É de extrema relevância para a história da psicomotricidade a figura

de Dupré, pois ele afirma que a debilidade motora é independente de um

possível correlato neurológico. Ele rompe com os pressupostos da

correspondência entre a localização neurológica e as perturbações motoras.

Assim, a psicomotricidade separou-se da neuropsicopatologia do

movimento.

Henry Wallon, em 1925, fala do movimento humano como

fundamento da construção do psiquismo. Enquanto Dupré estuda a

correlação entre motricidade e inteligência, Wallon relaciona motricidade e

caráter. Para ele, o conhecimento, a consciência e o desenvolvimento geral

da personalidade não são isolados das emoções.

“Estas primeiras relações de similitudes e

diferenças entre a debilidade motora e a debilidade

mental, somadas à contribuição de Wallon relativa à

ação recíproca entre movimento, emoção; indivíduo e o

meio ambiente, fazem o delineamento de um primeiro

momento do campo psicomotor: é o momento do

paralelismo e, portanto, da relação (tentativa de

separação do dualismo cartesiano) entre o corpo,

expressado basicamente no movimento, e a mente,

expressada no desenvolvimento intelectual e emocional

do indivíduo”. (ESTEBAN LEVIN, “A clínica

psicomotora – o corpo na linguagem” – p. 25)

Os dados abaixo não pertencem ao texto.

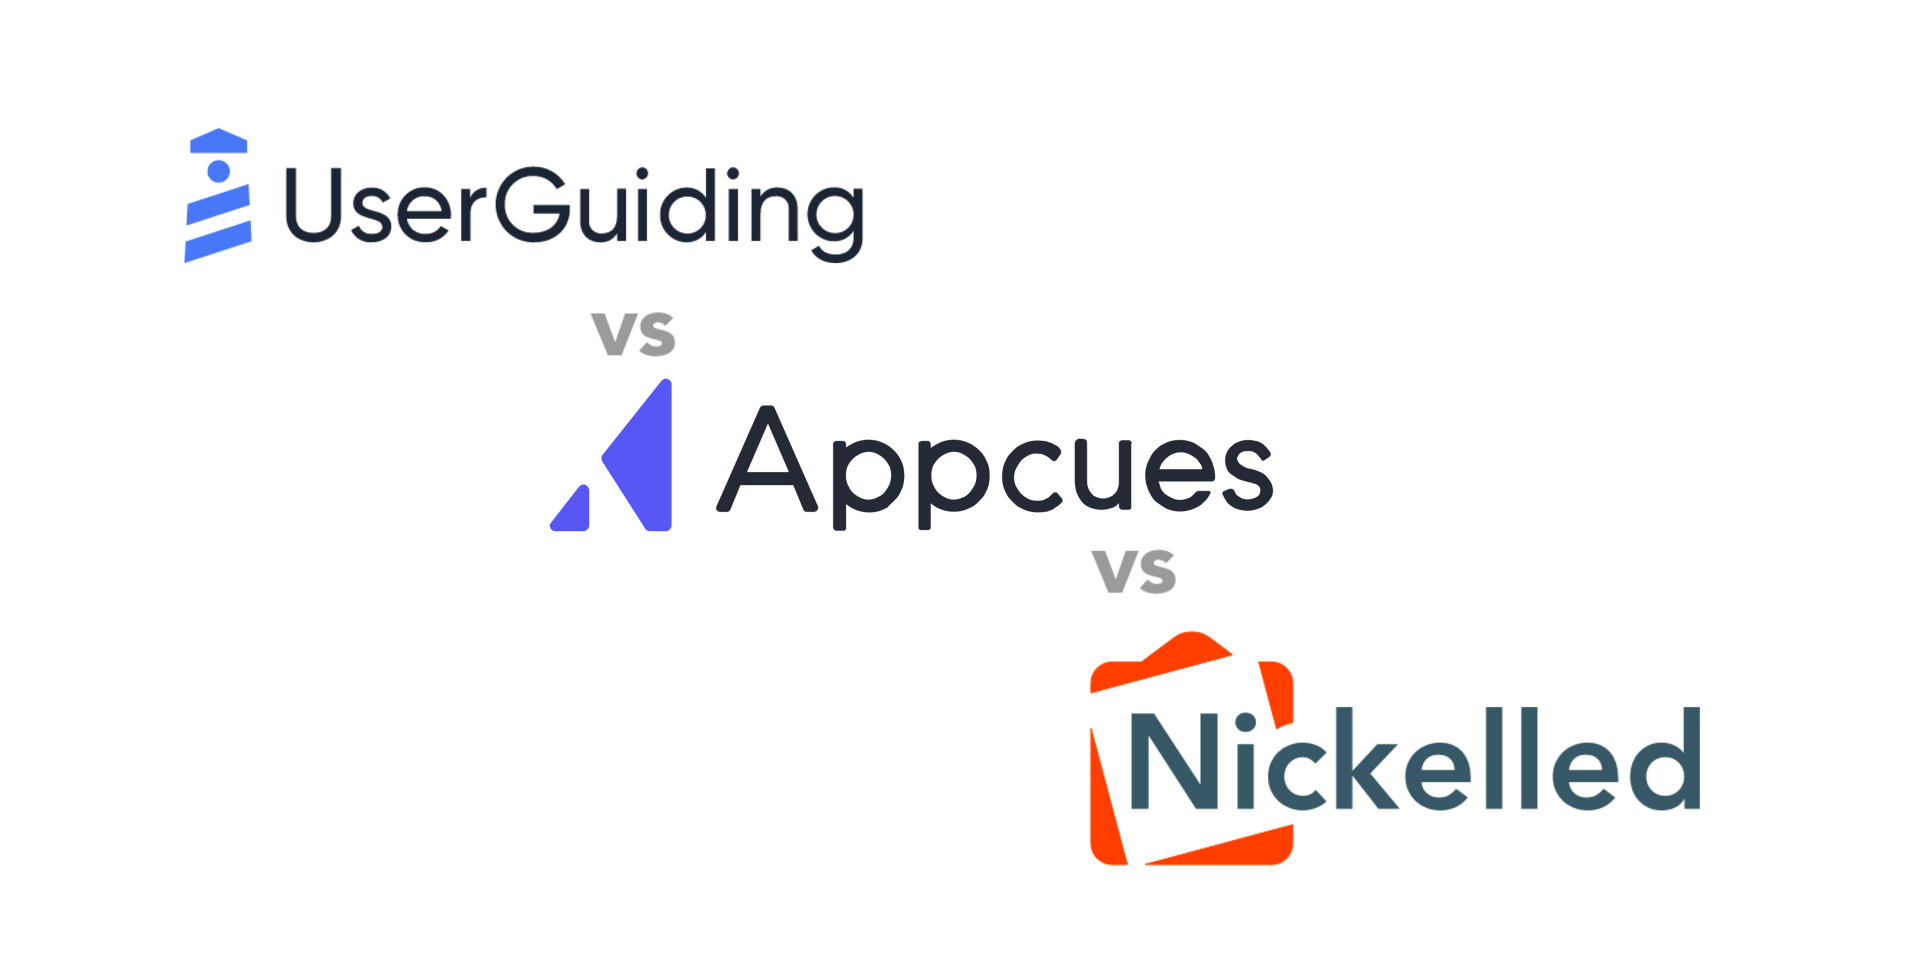 UserGuiding vs Appcues hero image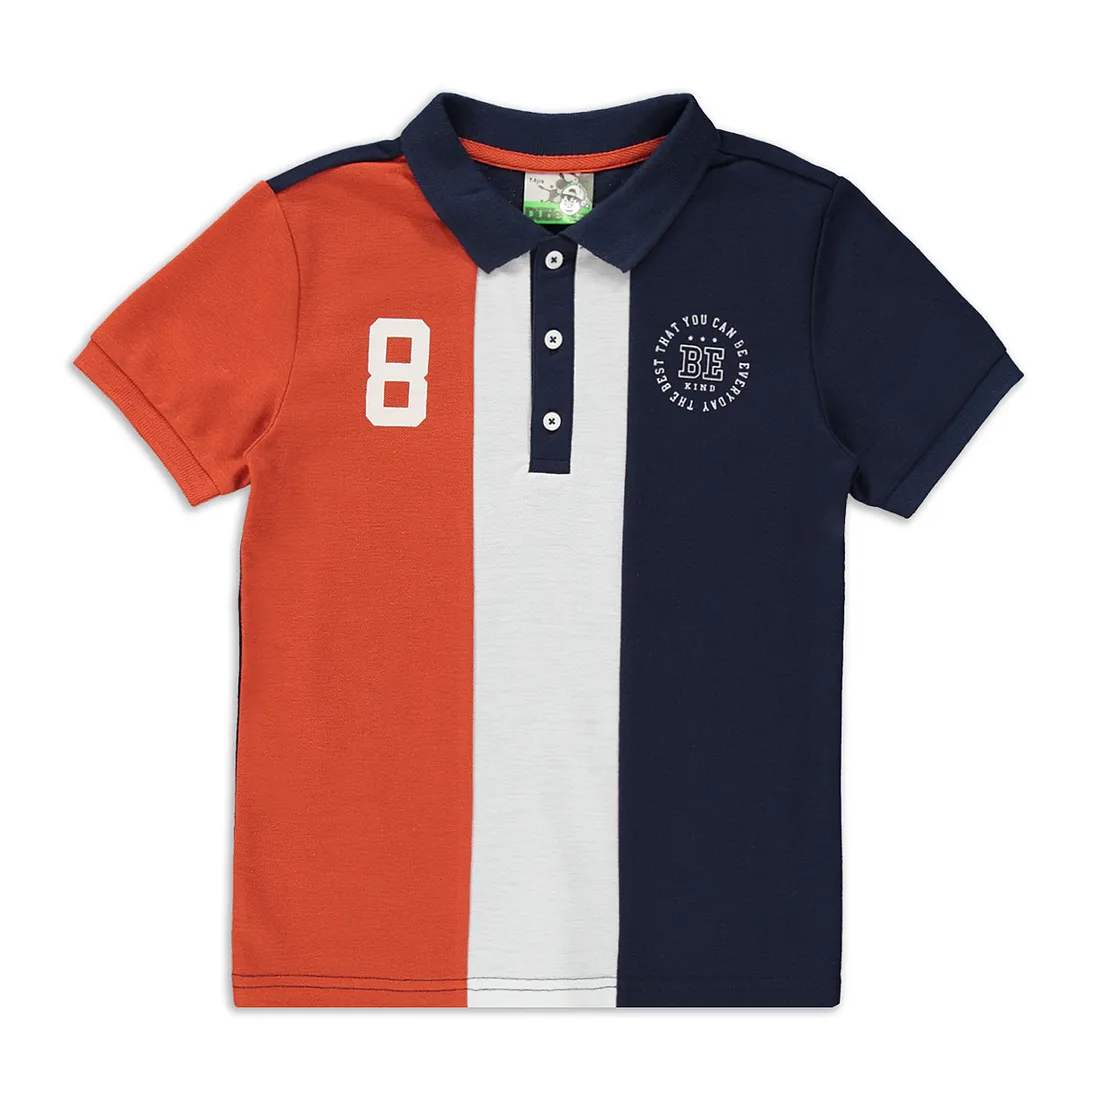 Colourblock golfer rust, white & navy - BOYS 2-8 YEARS Tops & T-Shirts ...

Em 1935, Edward Guilmain inicia a prática da psicomotricidade, que

estabelece um exame psicomotor, continuando as perspectivas teóricas

abertas por Wallon.

Guilmain determina a prática do que chamou reeducação

psicomotora, com exercícios provenientes do estudo da neuropsiquiatria

infantil, na intenção de reeducar a atividade tônica, a atividade de relação e

o controle motor.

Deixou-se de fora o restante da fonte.